Not yet, analysts say. Banks took more time to process foreclosures last year, which explains some of the declines, housing analysts note. In fact, the average process time for a foreclosure rose to 348 days in the fourth quarter, up from 305 days one year prior.

RealtyTrac CEO Brandon Moore says that while he expects foreclosures to increase in 2012, he also expects foreclosures to stay well below the 2010 peak. Refinancing programs, such as the government’s Home Affordable Modification Program, are helping more borrowers lower their payments and avoid foreclosure, Moore says.

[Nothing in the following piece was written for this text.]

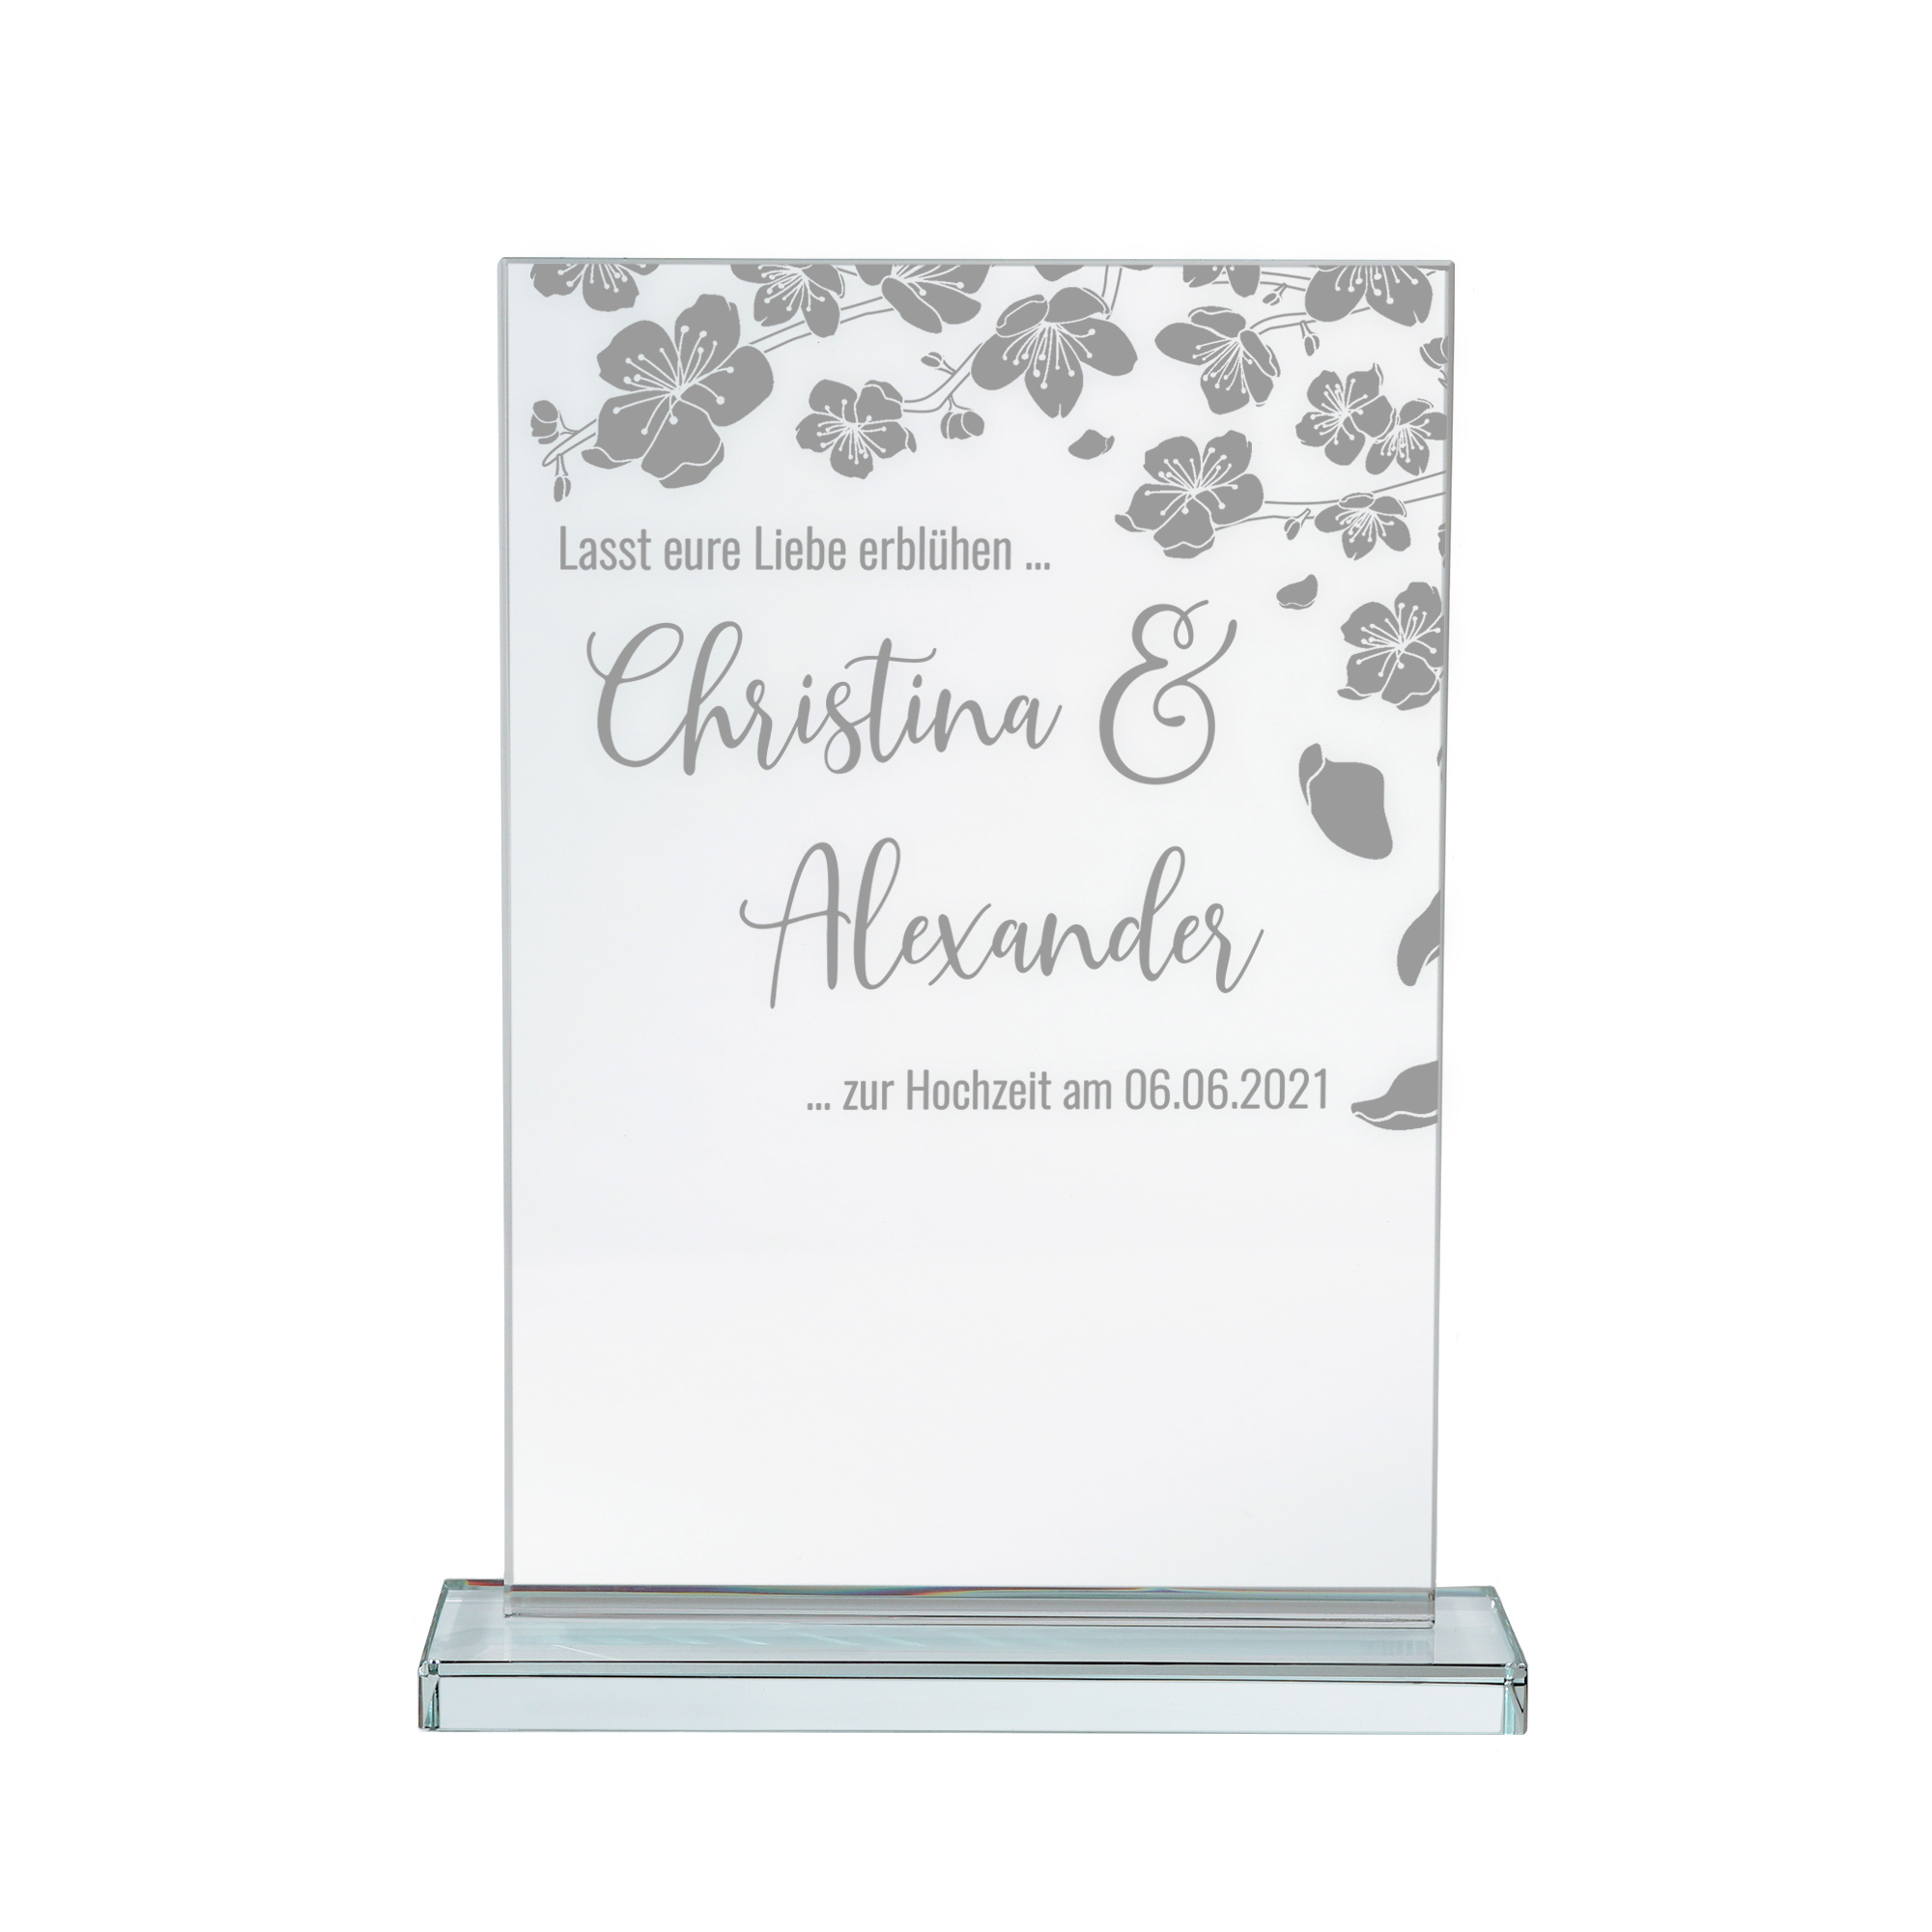 Glaspokal mit Gravur zur Hochzeit, personalisierte Glastrophäe mit Namen und Hochzeitsdatum, Pokal aus Glas, gravierte Auszeichnung und Hochzeitsdeko

Still, the biggest problems with foreclosures remains centered in certain areas, particularly where investors helped drive up home prices during the housing boom. For example, Nevada remains the No. 1 foreclosure hot-spot, in which one out of every 16 households received some kind of default notice during 2011. Arizona and California also are continuing to face some of the highest foreclosure rates in the country too, according to RealtyTrac data.

Friday, January 6, 2012

Commentary 1/6/2012

It is an election year. In addition to the distorted economic "analysis" offered by the ever-cheerful stock-market channels, CNBC and Bloomberg, all year long this year political interests will add their garbled gabble. Today's reports of 200,000 new jobs in December and unemployment down from 8.7% to 8.5% were greeted with happy bugles from the usual suspects. Ignore that and watch the markets themselves. Interest rates rise on legitimate good news; today's 10-year T-note yield has fallen to 1.94%, and mortgages are near 4.00% again. The stock market rises on good news, and today it is flat to down. 200,000 jobs is good news, but year-over-year earnings have risen only 2.1%. A few back to work, but not the job that it was. And even if employment growth persists at that level, and new unemployment claims stay down as they were in December from 400,000 weekly, it's not enough to dent the job losses since 2007.